The final setup also does not make sense to me :slight_smile: You have in the above snipped my_index, is that correct?

Could you share the content of your metricbeat template? I worry it has the wrong content inside. So in the above do not only remove the indices but also the templates.

Could you share also the logs when your Beat starts up. You should have some indications there if the template was loaded or not.

Sorry. The code i posted was not what I ran against my data. Here's what I ran:

PUT metricbeat-*/_mapping/doc
  "properties": {
      "type":     "text",
      "fielddata": true

I ran this against the various fields the visualizations complained about.

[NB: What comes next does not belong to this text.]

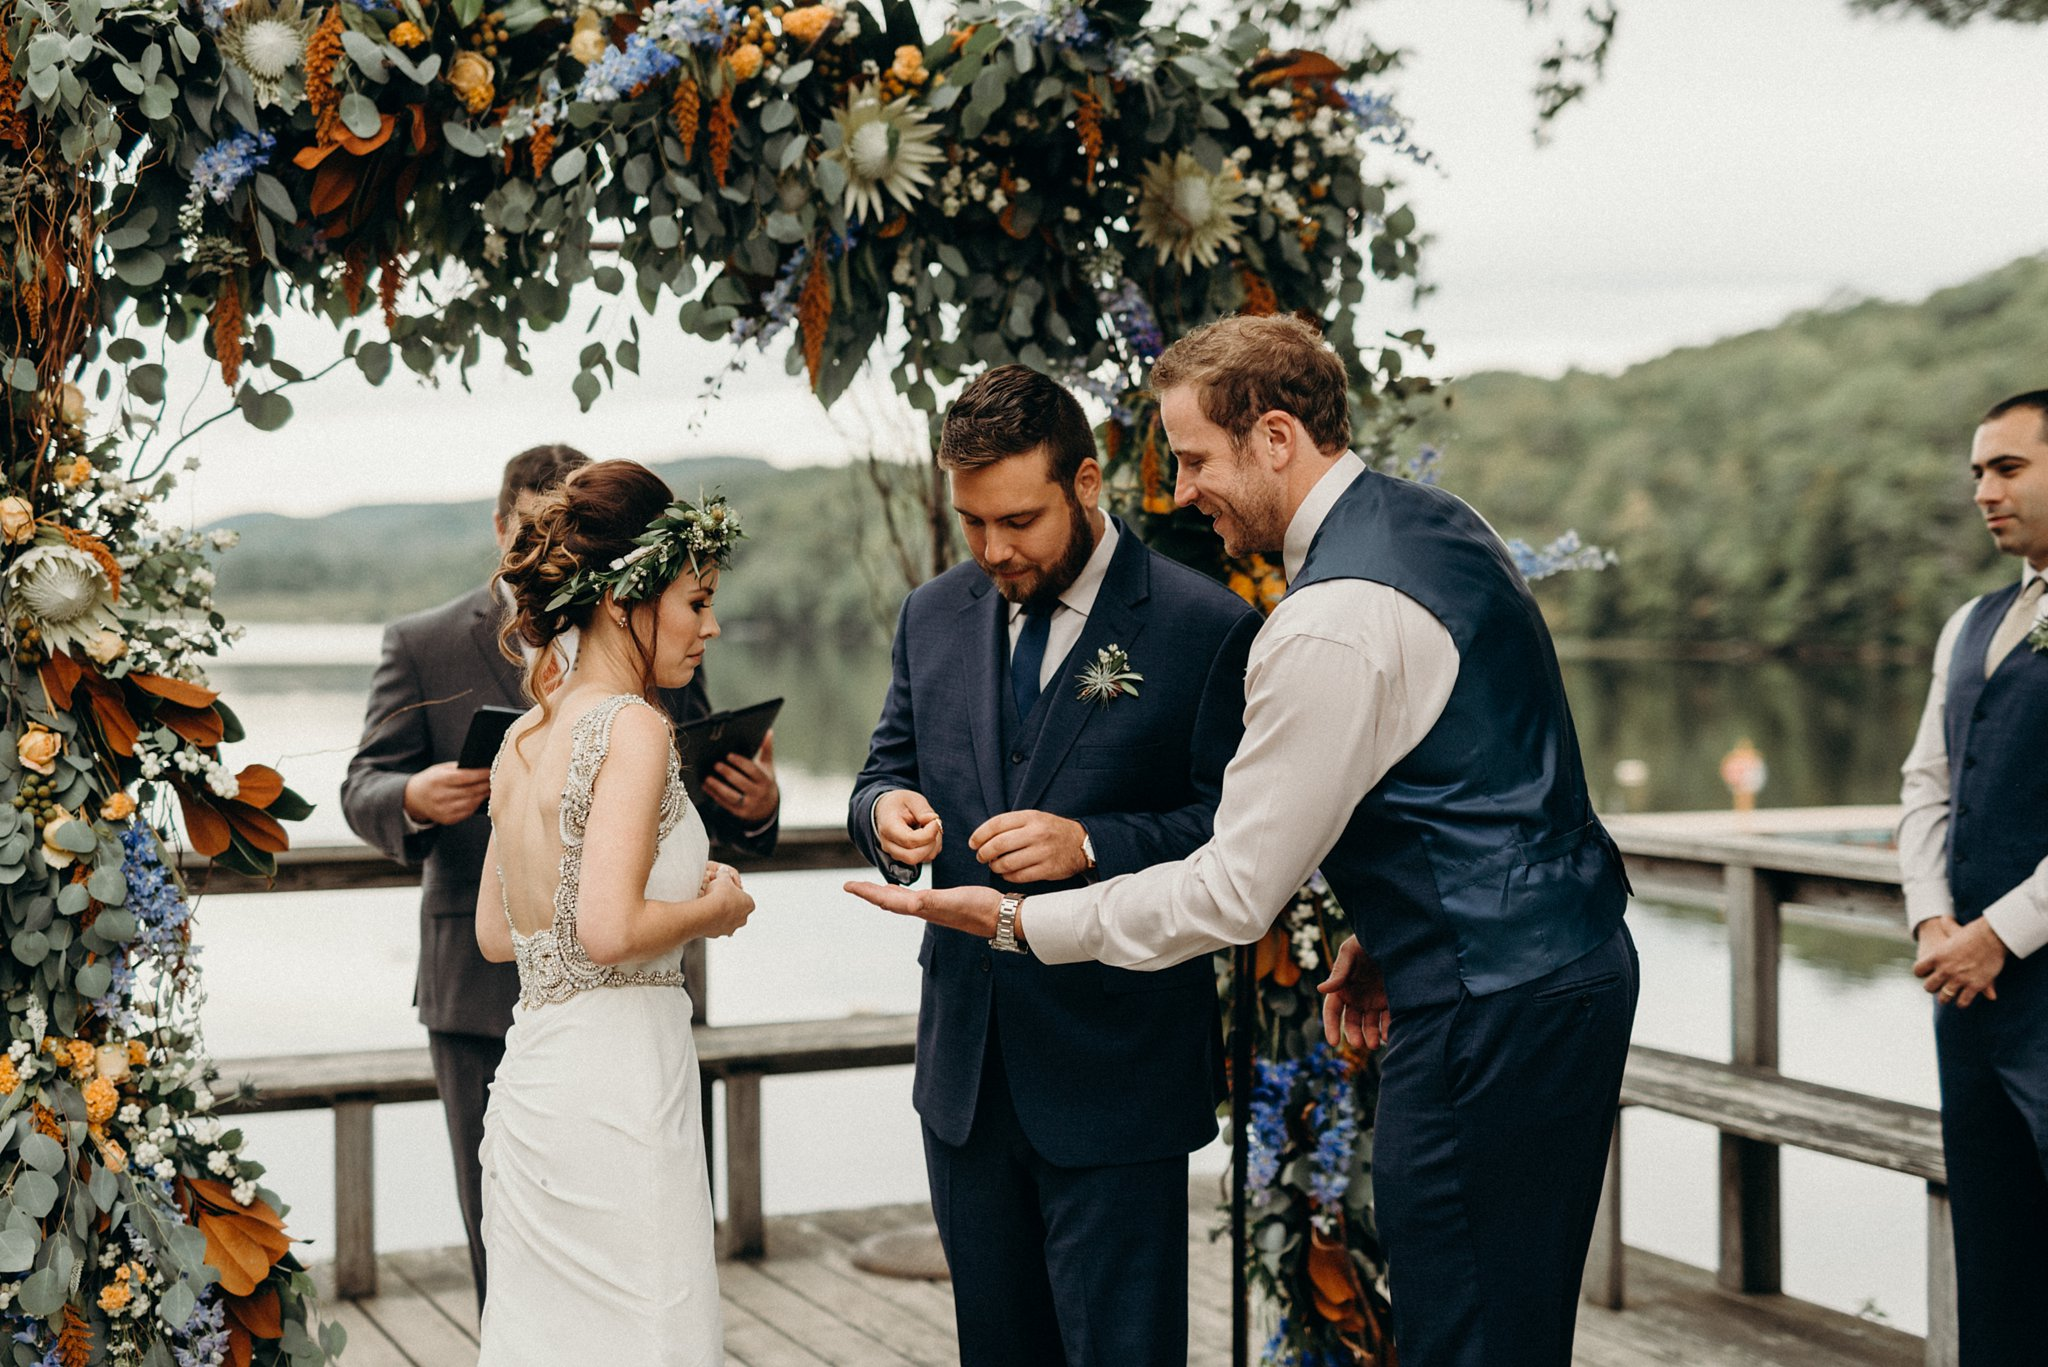 kaihla_tonai_intimate_wedding_elopement_photographer_6637.jpg
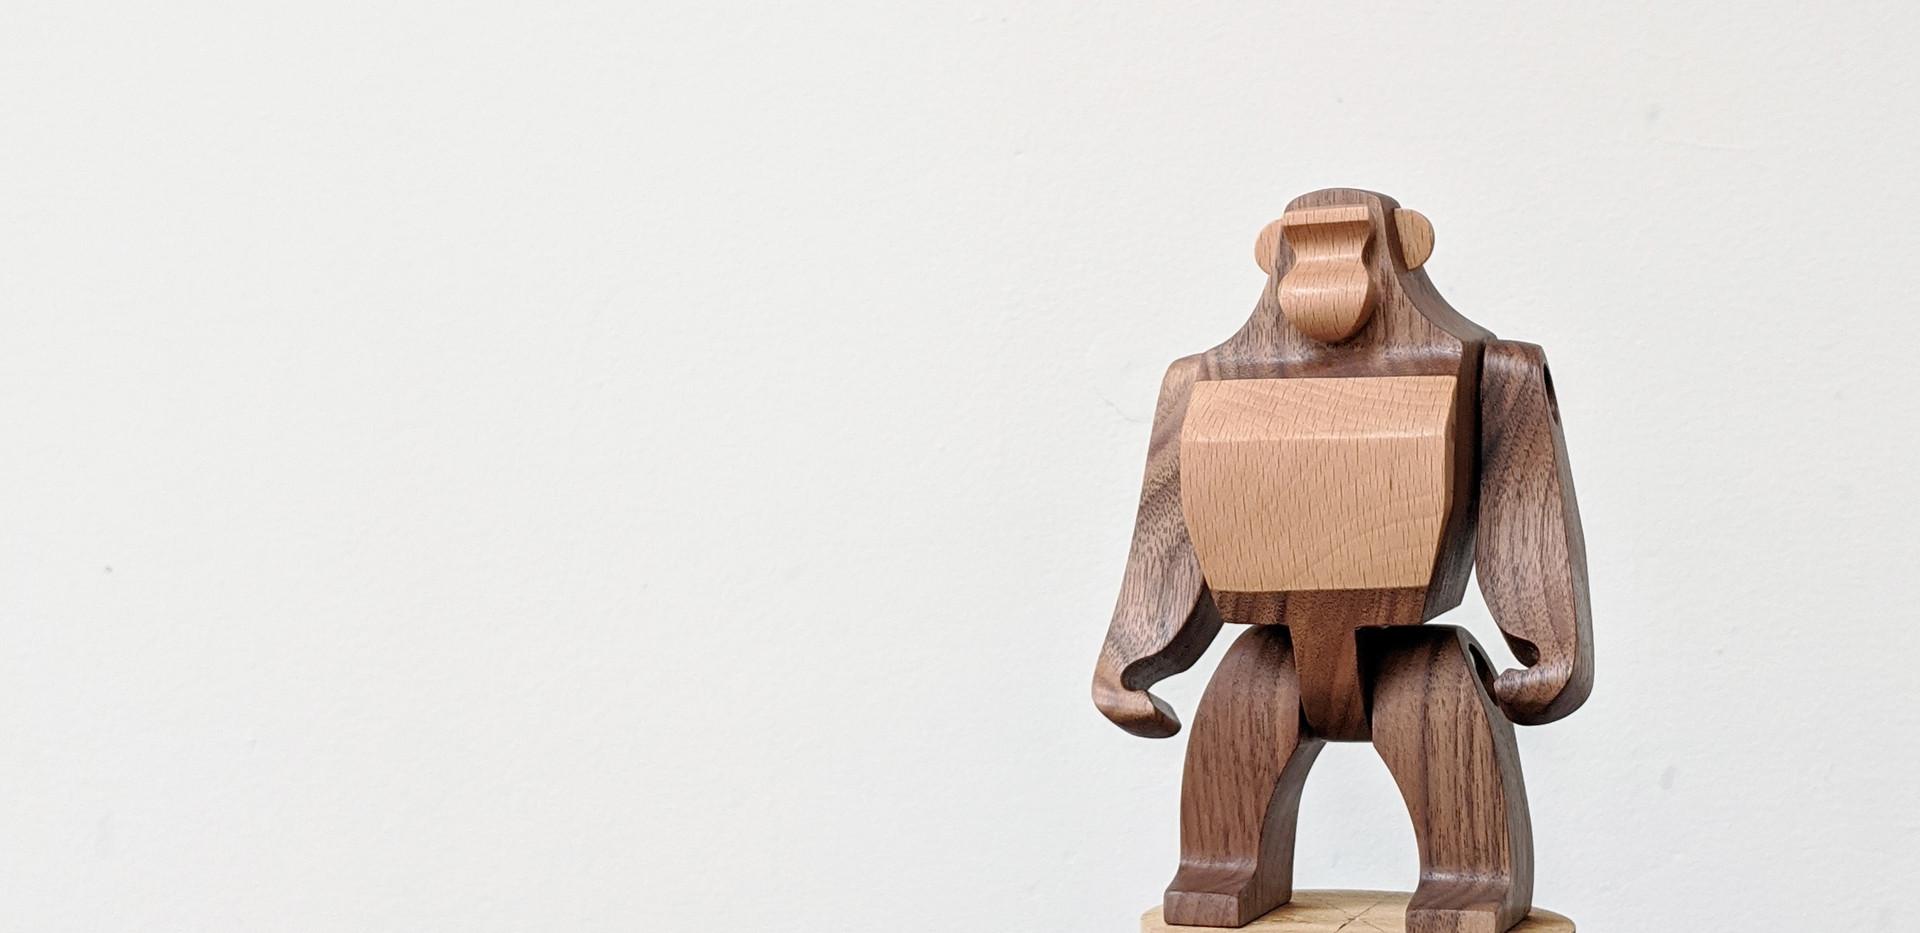 chimp_standing.jpg

I didn't reload the template from 6.5.1, so maybe that is an issue. I ran "GET _template/metricbeat" which returns a huge ~10K line template. That's what you want me to post? Finally, you're looking for the /var/log/metricbeat logs?

Ok found the issue. It has zero to do with metricbeat and centered around my output from logstash.

I was using an outdated index output string in logstash:

index => "%{[@metadata][beat]}-%{+YYYY.MM.dd}"

when I should have been outputting the data like so:

index => "%{[@metadata][beat]}-%{[@metadata][version]}-%{+YYYY.MM.dd}"

I'm not sure how/why I was using that. But I came across the issue in a "breaking changes" page:

I've only been messing around with Elasticstack for a few months now, so I guess I picked up that line of code from an old web blog/site post when my understanding of the software was way more immature.

Here's the code from my output.conf file on logstash

output {
  elasticsearch {
    hosts => ["SVRDNSNAME:9200"] 
#    sniffing => true
    manage_template => false
    # index => "%{[@metadata][beat]}-%{+YYYY.MM.dd}"
    index => "%{[@metadata][beat]}-%{[@metadata][version]}-%{+YYYY.MM.dd}"
    document_type => "%{[@metadata][type]}"

This topic was automatically closed 28 days after the last reply. New replies are no longer allowed.